Can AppEngine response count metric be grouped on response class?

397 Views Asked by At

I'm trying to create an alert on CGP/stackdriver using the http/server/response_count metric for app engine. This metric has an response_code field that I can group_by:

fetch gae_app::appengine.googleapis.com/http/server/response_count
| filter metric.response_code>=500 && metric.response_code<600
| every 10m
| group_by [metric.response_code], sum(val())

But say I want to merge all 500+ responses under a 5xx class of response and then aggregate to a single count for the range, is it possible to pre-process so the group_by in the above example yields a single time series eg 5xx? I notice that one of the load balancer metrics has a "response_code_class" of this kind, but this is NOT available for this metric.

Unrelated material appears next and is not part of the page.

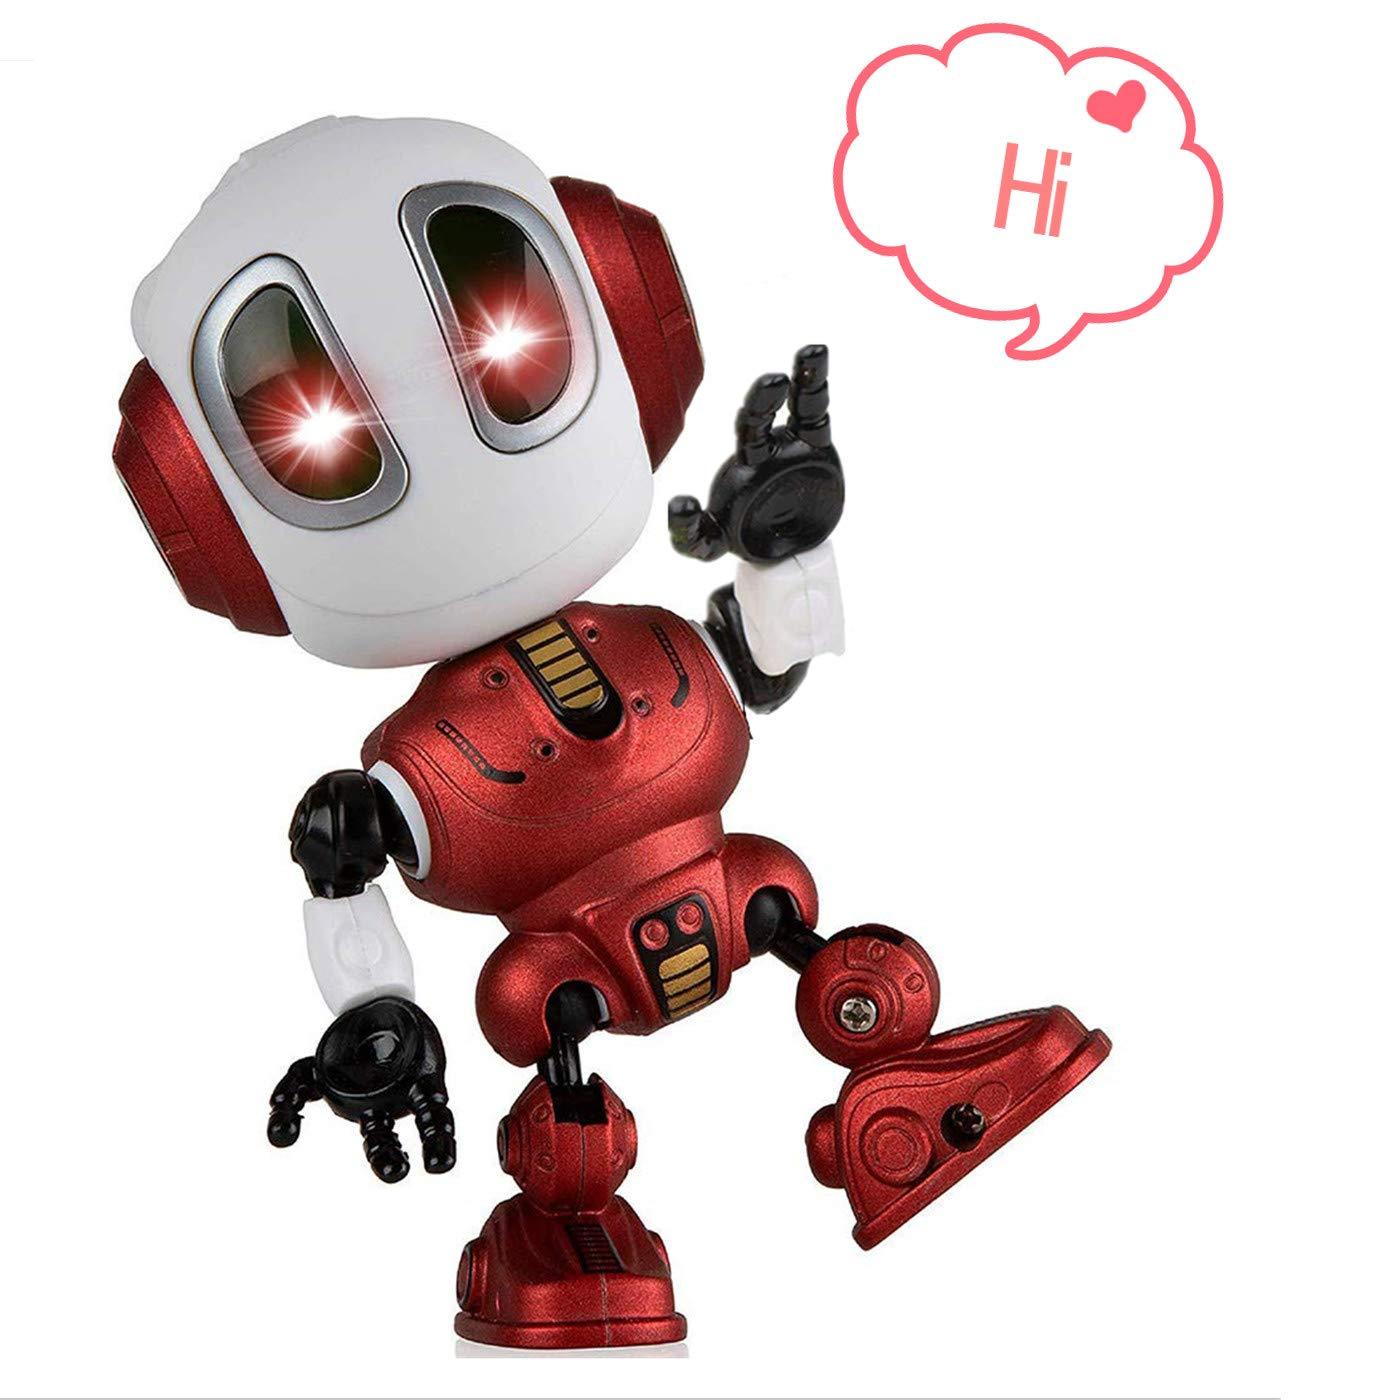 ALLCELE Fun Recording Talking Robot for Boys little Kids toys

After that I'm looking for a ratio of 5xx requests to all requests, would that even be possible with this metric?

2

There are 2 best solutions below

1
On

Below is a query that does the following:

  • Use a group_by to count the 5xx responses in a 10-minute sliding window.
  • In the same group_by, also count all responses in the same 10-minute sliding window.
  • After the group_by, simply compute the ratio of the two counts.
fetch gae_app
| metric 'appengine.googleapis.com/http/server/response_count'
| group_by [], sliding(10m), [
    countAll: sum(response_count), 
    count5xx: sum(if(response_code>=500 && response_code < 600, response_count, 0))]
| value (count5xx / countAll)
| every 1m

Screenshot of the chart produced by a similar query:

Screenshot of the chart produced by a similar query

The output of the above query is a ratio of 5xx responses to all responses.

Note: if you wanted to compute these ratios, for example, by zone, simply add zone to the first argument of group_by like this: group_by [zone], sliding(10m), [countAll: ..., count5xx: ...] | value (count5xx / countAll)

5
On

There's another way to compute the ratio of error responses to all responses. In this case, because the numerator and denominator for the ratio are derived from the same time series, you can also compute the ratio by grouping. Please check the grouping query format once:

fetch gae_app::appengine.googleapis.com/http/server/response_count
| group_by [metric.response_code],
    sum(if(response_code_class = 500, val(), 0)) / sum(val())

For more details please refer to example grouping.